Assignment - I'd like the data below restated word for word, with the pictures left out.

Collected data -
——————
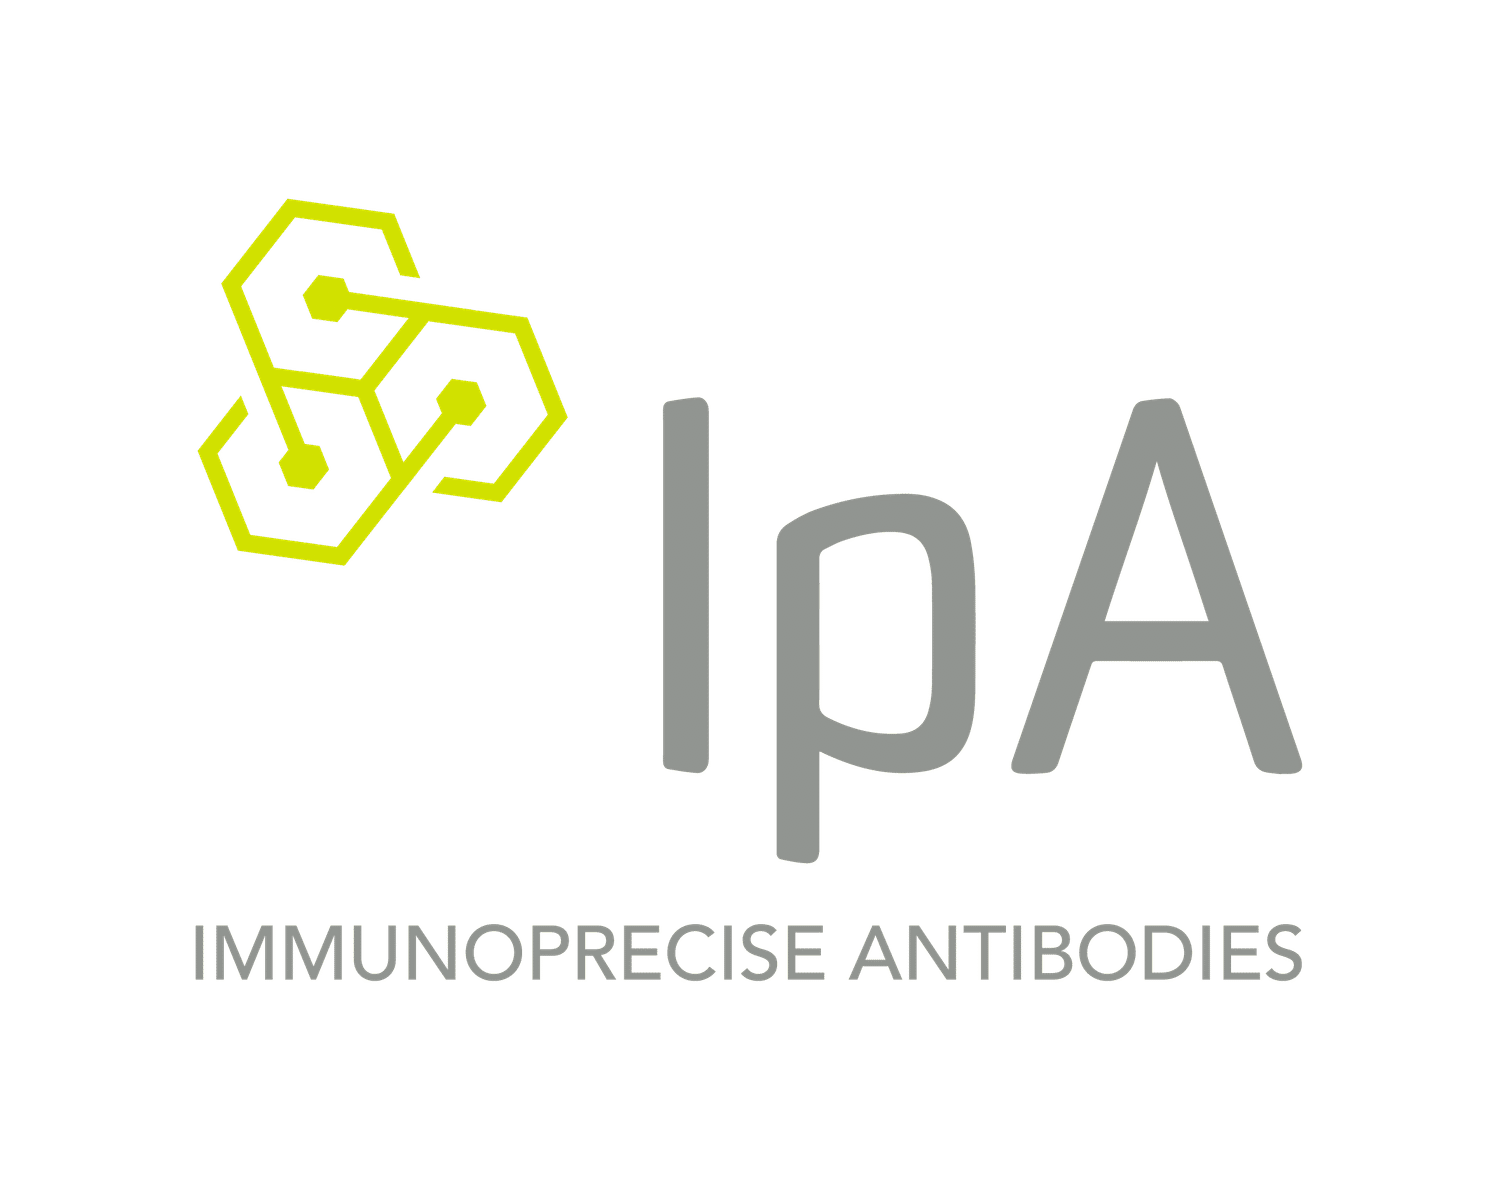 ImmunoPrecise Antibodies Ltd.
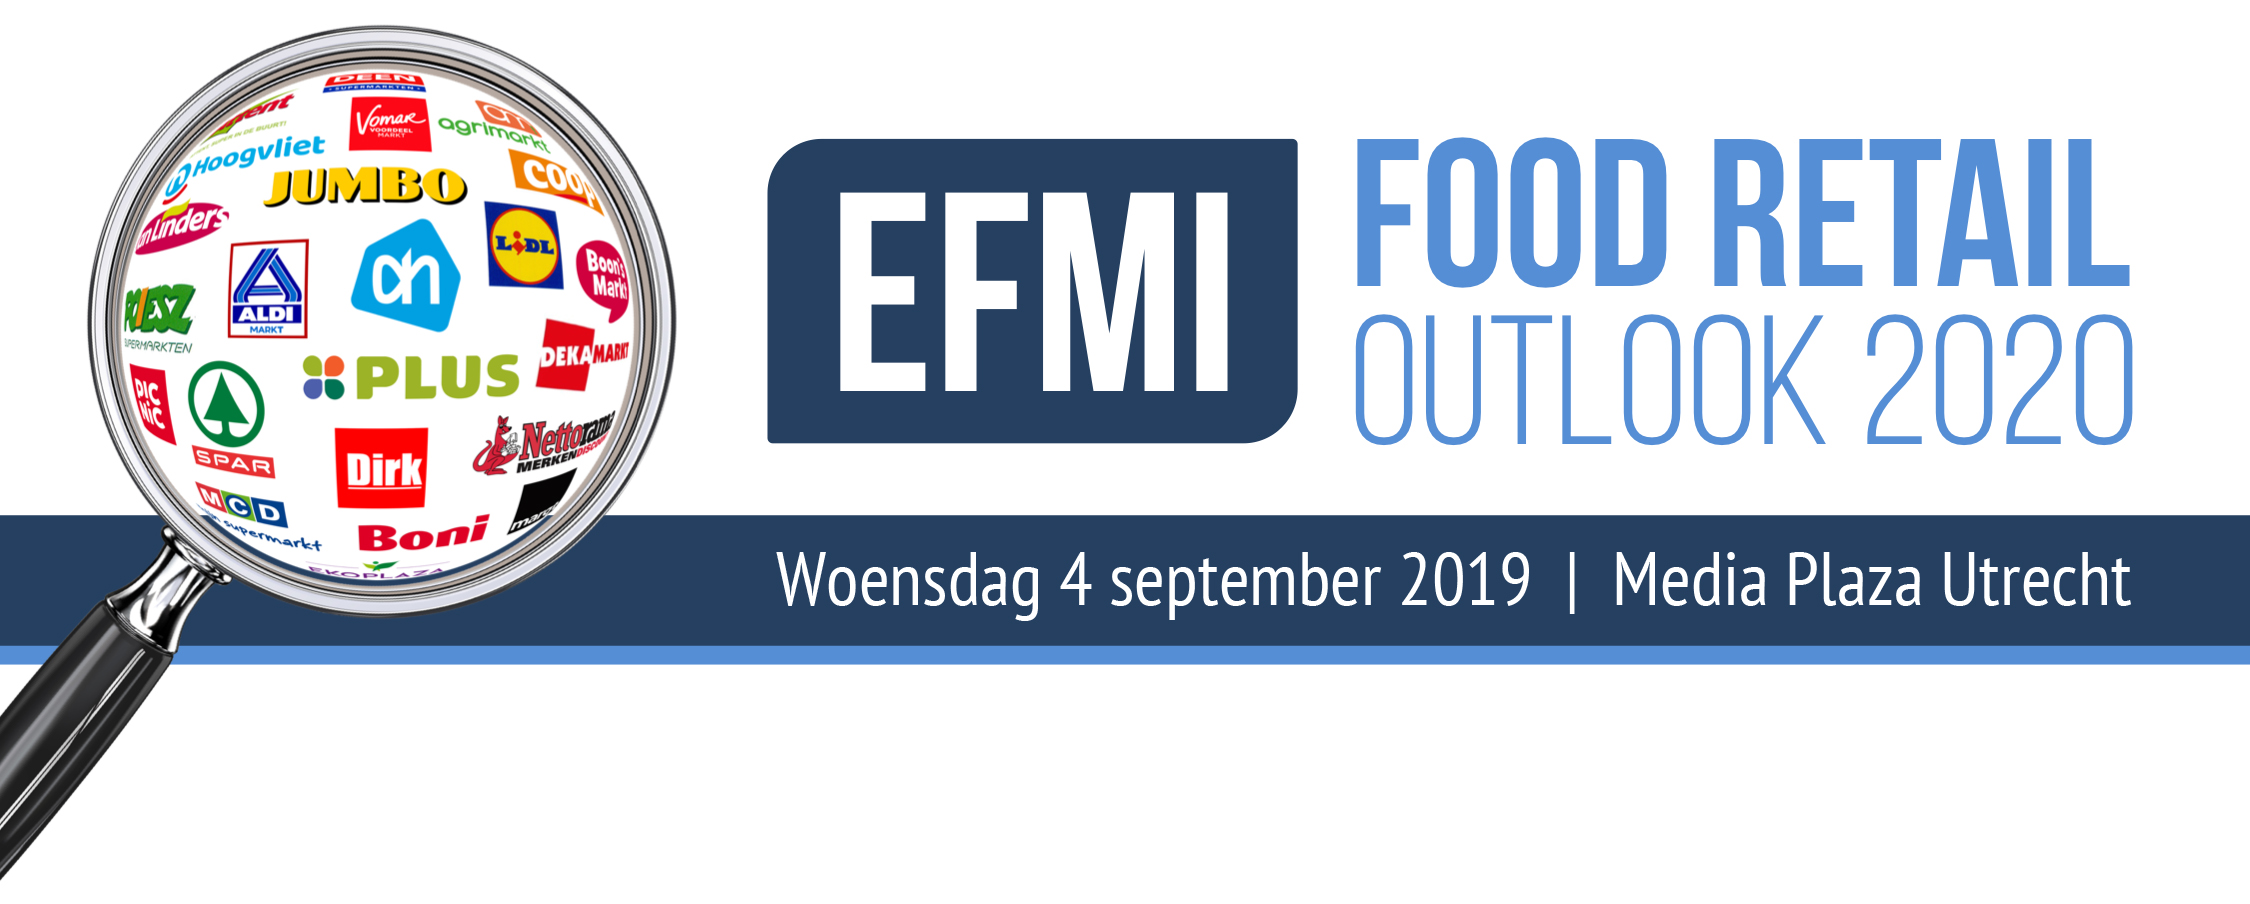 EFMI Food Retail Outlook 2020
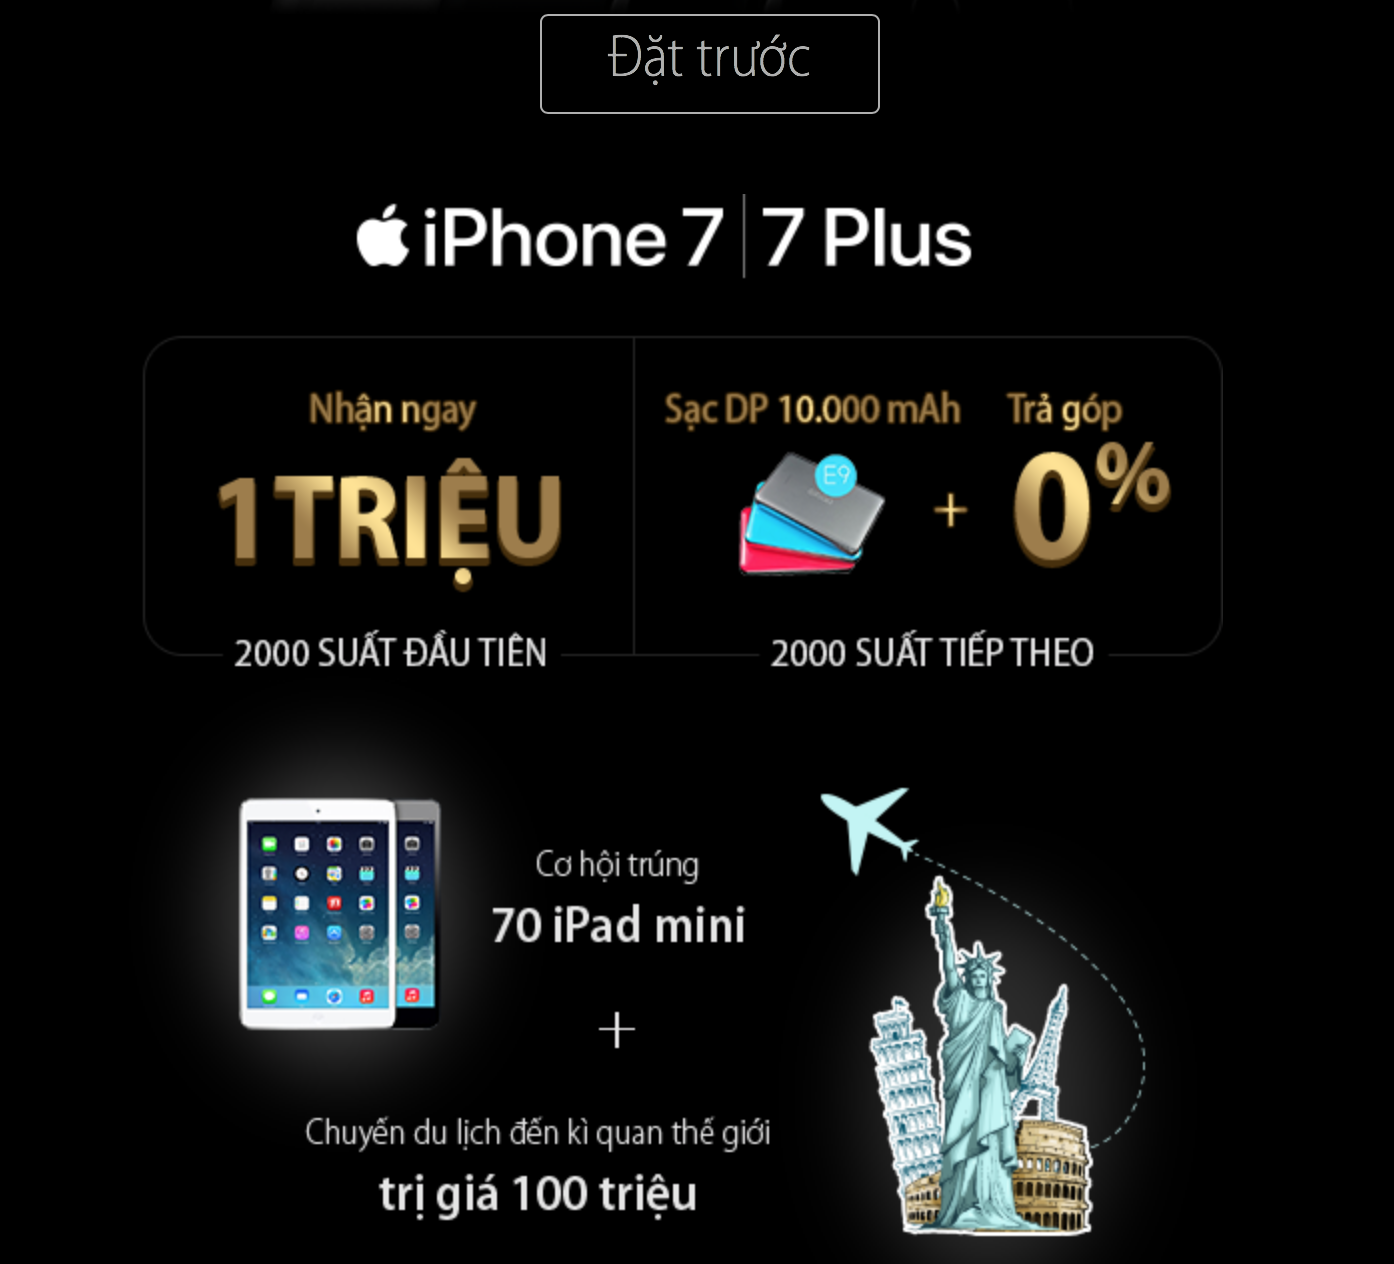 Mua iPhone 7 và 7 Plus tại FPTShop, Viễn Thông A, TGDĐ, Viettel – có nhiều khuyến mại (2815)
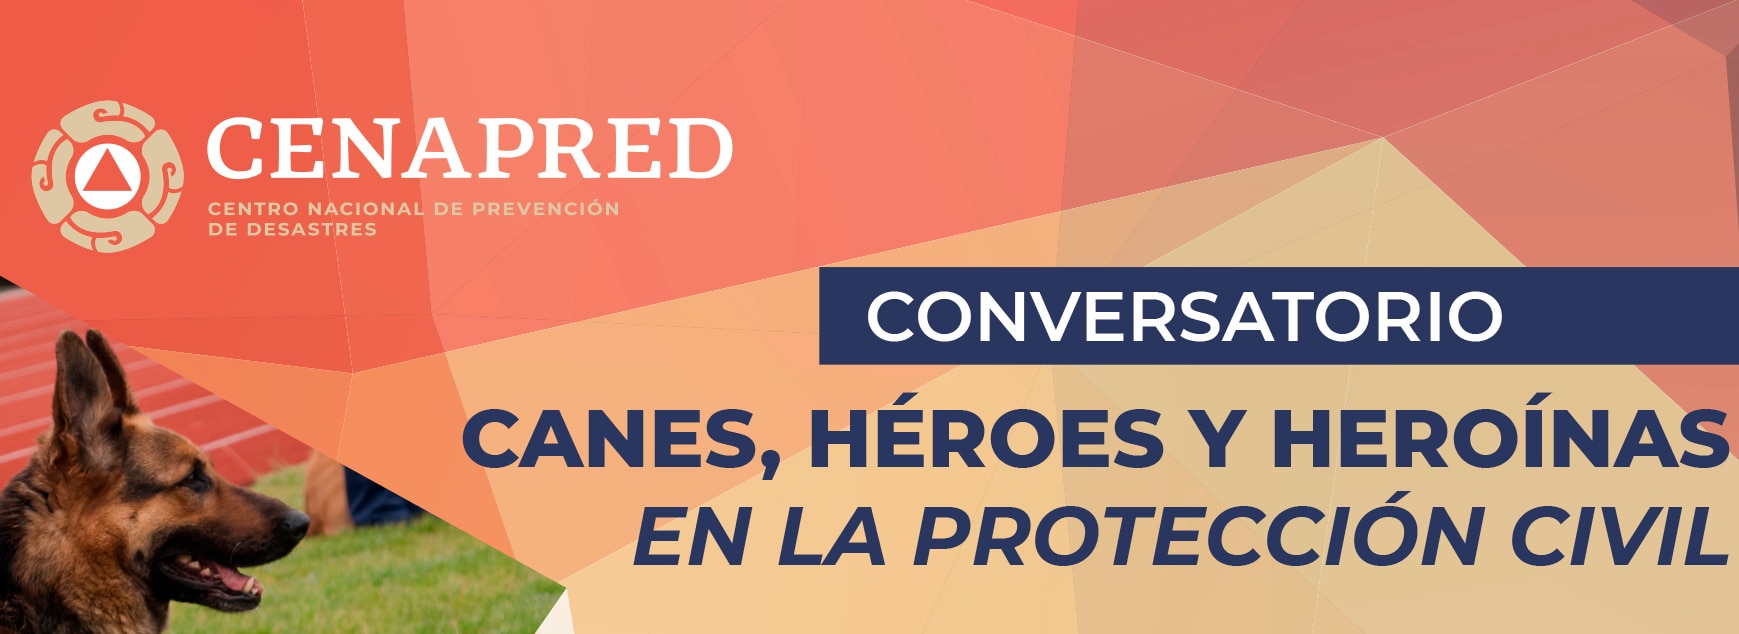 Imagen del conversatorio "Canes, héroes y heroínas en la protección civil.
——————
Solution for this problem -
 ImmunoPrecise Antibodies Ltd.
 EFMI Food Retail Outlook 2020
 Mua iPhone 7 và 7 Plus tại FPTShop, Viễn Thông A, TGDĐ, Viettel – có nhiều khuyến mại (2815)
 Imagen del conversatorio "Canes, héroes y heroínas en la protección civil.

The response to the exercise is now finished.